I had never thought of Swiss chard as a staple of Niçoise cuisine. Actually, I hadn’t done a lot of thinking about Swiss chard in any context. But as our team searched out Niçoise specialties, trying a plate of stuffed vegetables here and a zucchini tourte there and a grilled fresh anchovy somewhere else, Swiss chard seemed to pop up at odd times—during dessert, for instance, since tourte aux blettes is made not only in savory form but in a terrific sweet version that has pignons and honey. I often found myself muttering “Blette,” a word that can sound like an imitation of a small animal. “Blette, blette,” I’d say. “We are in the presence of blette.” The pâté maison at Restaurant des Arcades, in the pottery village of Biot, near Nice, had an unusual and satisfying taste. “Blette,” I said. “Blette, blette.” At a place called Chez Simon, on the outskirts of the city, we had a stupendous version of the traditional Niçoise ravioli, made with daube (stewed beef) and Swiss chard. I wanted to ask Alice whether Simon’s ravioli eaten with a side dish of its gnocchi (covered with the same sauce) would be considered a balanced meal, but all I could say was “Blette.” When we finished our first meal at a tiny restaurant near the Cours Saleya called La Merenda and immediately made reservations for our second meal, we asked the waiter to reserve us some stuffed sardines, which they’d been out of, because it didn’t take a genius to know what they’d be stuffed with.

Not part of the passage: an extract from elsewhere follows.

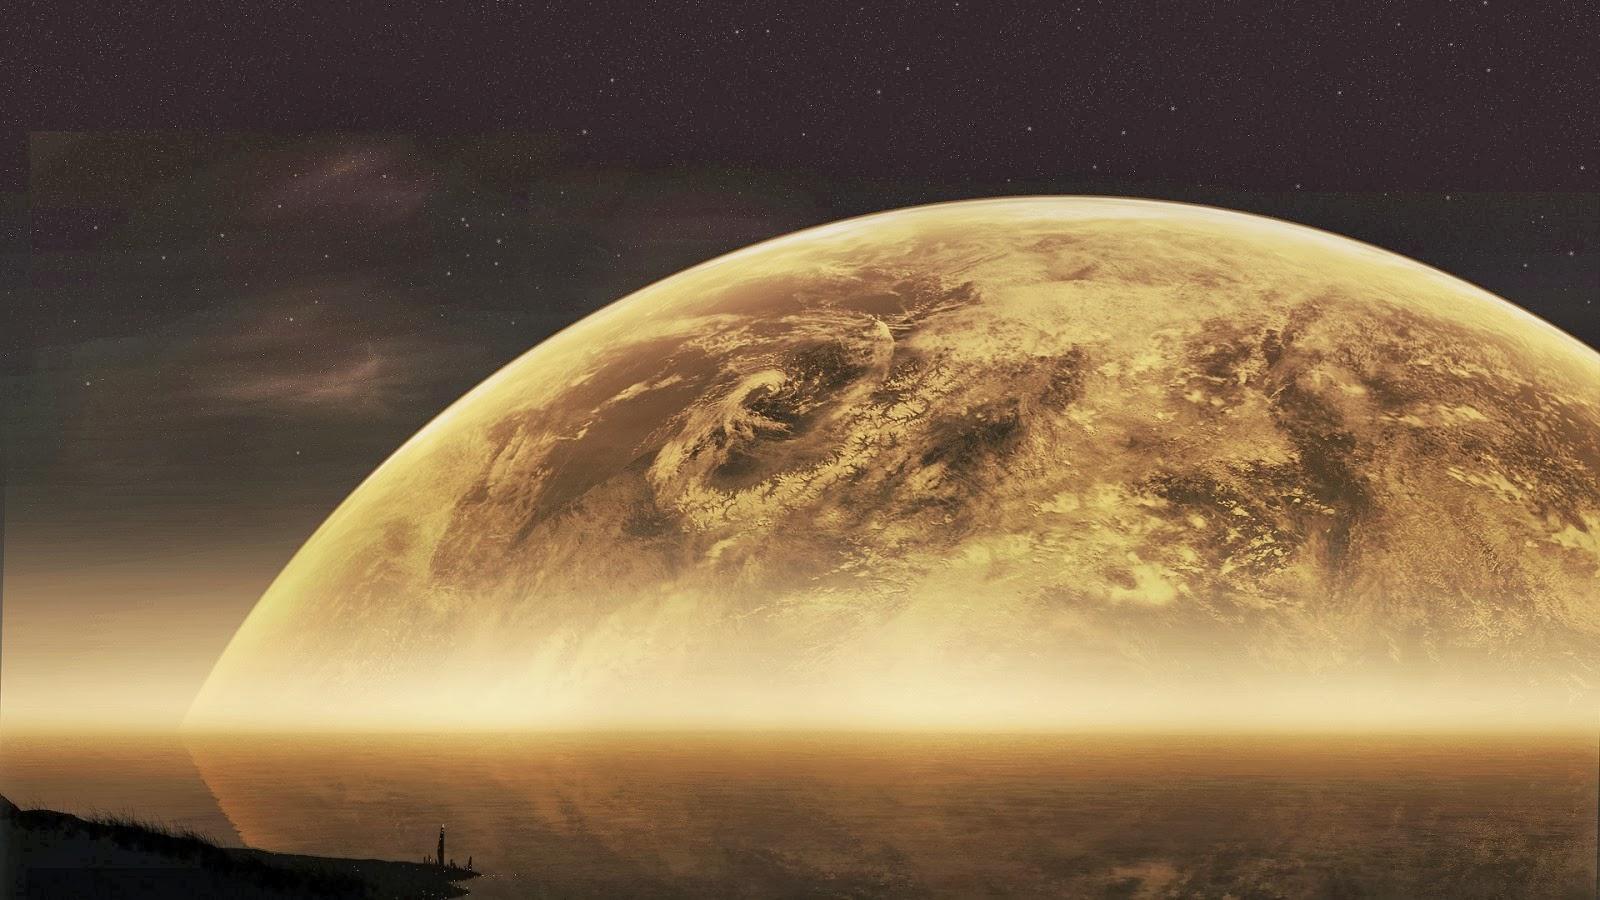 بالصور اجمل صور للقمر , احلى واجمل وارق صور لوجه القمر 403 8

La Merenda—an informal little place with no phone and no credit cards, but also no attitude—is run by Dominique Le Stanc, who used to be at Le Chantecler, the two-star restaurant at the Hôtel Negresco. At our first meal there, we’d had, among other things, a ratatouille that was so much better than any other ratatouille I’d ever eaten that it seemed to be a different dish, and a pistou soup that brought to mind the days when Lydie Marshall was still our neighbor in the Village and made us pistou every autumn as soon as the cranberry beans began appearing at the Union Square market. The stuffed sardines were everything we’d hoped for. “Blette! Blette! Blette!” I said, after I polished mine off. If France permitted those American-style city-limits signs rather than the uniform signs that mark the city limits of every village and city in the country, I thought, the one announcing Nice might say “Welcome to Nice—Swiss Chard Capital of the World.”

Unless it said “Socca Capital of The World.” On our last evening in Nice, after the rest of the team had left, Alice and I went to Chez Pipo, a sort of corner tavern near the port. Pipo’s food menu lists only four or five items. One was a delicious pissaladière with an almost sweet crust that made you think that some dear old granny nearby had been preparing a crust for apple pie, in the loving way she’d gone about it for 40 or 50 years, when someone rushed into her kitchen and snatched it away, muttering “Pipo needs this.” Another was the best socca we’d had in Nice. In Pipo’s hands, a pancake that is almost too thin to be measured somehow has a soft inside, a crisp bottom, and a top that is done to the point at which it almost blisters. “Socca Capital of The World” would be appropriate, but, then, Nice could also be Stuffed Sardine Capital or the Daube and Blette Ravioli Capital, not to speak of the Pan Bagnat Capital. It occurred to me that I had never had any of those dishes outside of Nice, and that I was probably adding to my Register of Frustration and Deprivation. Pouring another glass of rosé, I asked the waitress for another order of socca, just to cheer myself up.